Now the question needs to be asked to their auditors. How is this possible? What controls failed and why? The analysis of the incident will slowly unfold and other firms in the industry will be examining the method and process that was utilized at UBS to perpetuate this fraud over the course of three years. When a fraud of this size is finally revealed, it is no different than the others that have preceded it. Many will ask about the systemic Operational Risk issues that may be prevalent within the UBS culture.

Three years ago it all began. And so goes the typical story line on the epic tales of fraud in the years past and the decades to come. Effective oversight and risk management walks a fine line between enabling innovation and insight and mitigating errors, omissions and significant losses. One thing is certain, the "Insider" threat in your organization exists today, tomorrow and next week. It's not going away regardless of the number of controls, personnel or systems put in place to eradicate it's existence in your institution.

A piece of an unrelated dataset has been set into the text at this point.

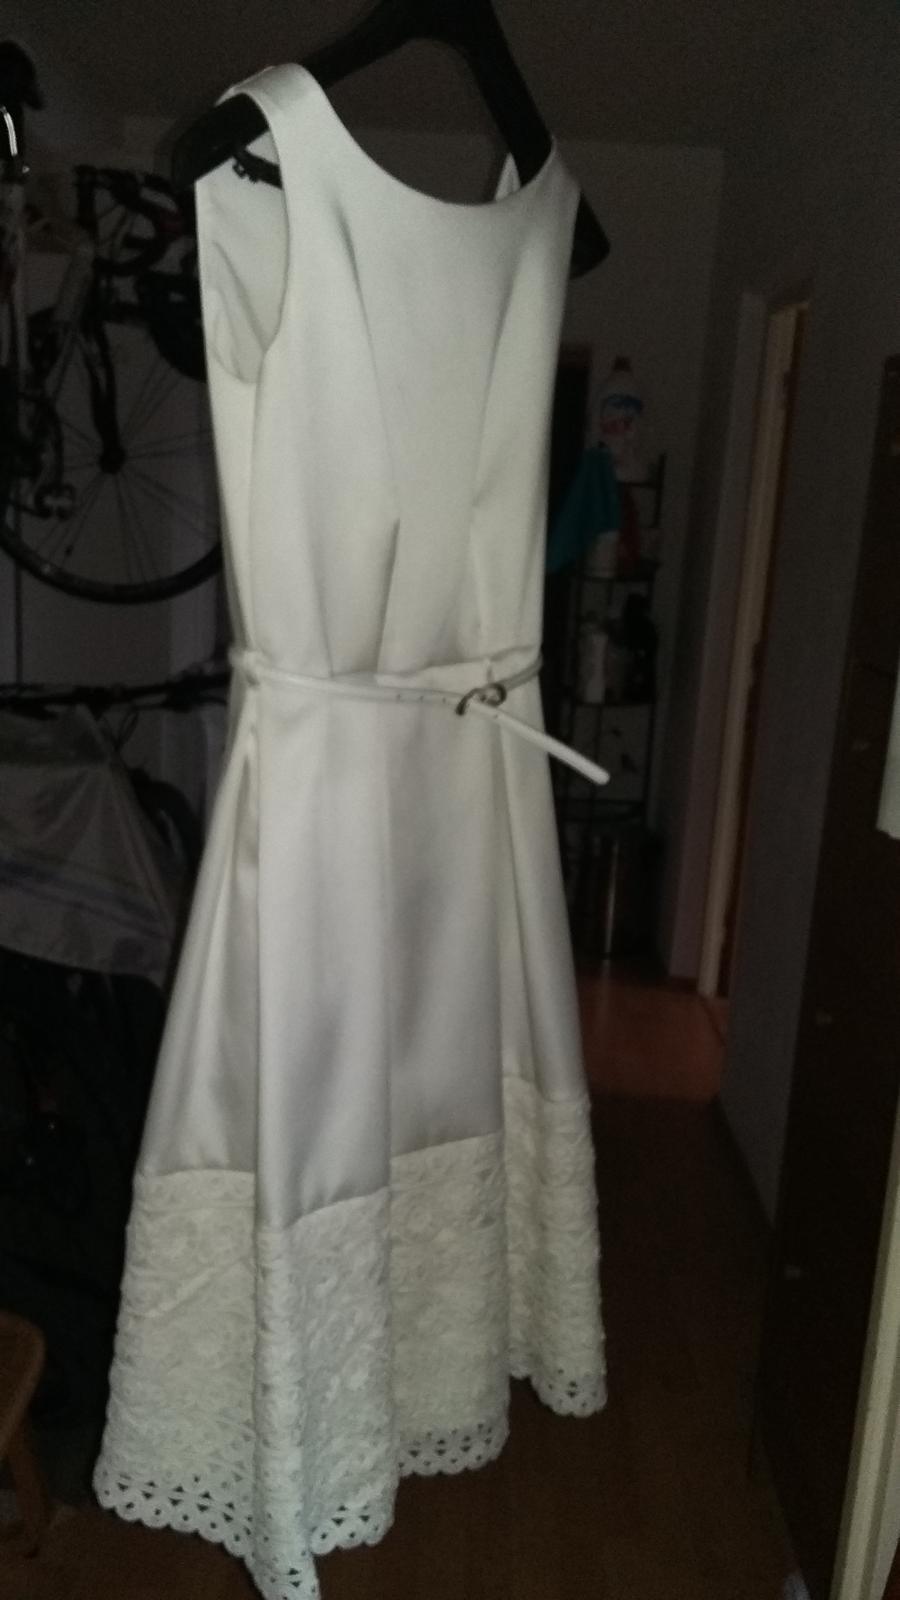 Biele saténové šaty zn. Closet - Obrázok č. 3

Whether this incident will end up in the Fraud Museum is yet to be determined. What is more certain is that traders around the globe are under a new spot light and renewed scrutiny by oversight investigators. The goal now is to make sure that the combination of people, processes, and systems are fine tuned to the right tolerance levels and triggers for alerts. Only then will the correct balance occur between risk and reward.

What will certainly be an outcome of the investigation is the number of other people that will be implicated, either directly or indirectly by the incident itself.

Jerome Kerviel of Societe Generale and Bernard Madoff, will have a new member for the multi-billion dollar fraud club, Kweku Adoboli. What do all of them have in common according to the Association of Certified Fraud Examiners (ACFE) in the Report to the Nations:

Perpetrators of Fraud

  • High-level perpetrators cause the greatest damage to their organizations. Frauds committed by owners/executives were more than three times as costly as frauds committed by managers, and more than nine times as costly as employee frauds. Executive-level frauds also took much longer to detect.
  • More than 80% of the frauds in our study were committed by individuals in one of six departments: accounting, operations, sales, executive/upper management, customer service or purchasing.
  • More than 85% of fraudsters in our study had never been previously charged or convicted for a fraud-related offense. This finding is consistent with our prior studies.
  • Fraud perpetrators often display warning signs that they are engaging in illicit activity. The most common behavioral red flags displayed by the perpetrators in our study were living beyond their means (43% of cases) and experiencing financial difficulties (36% of cases).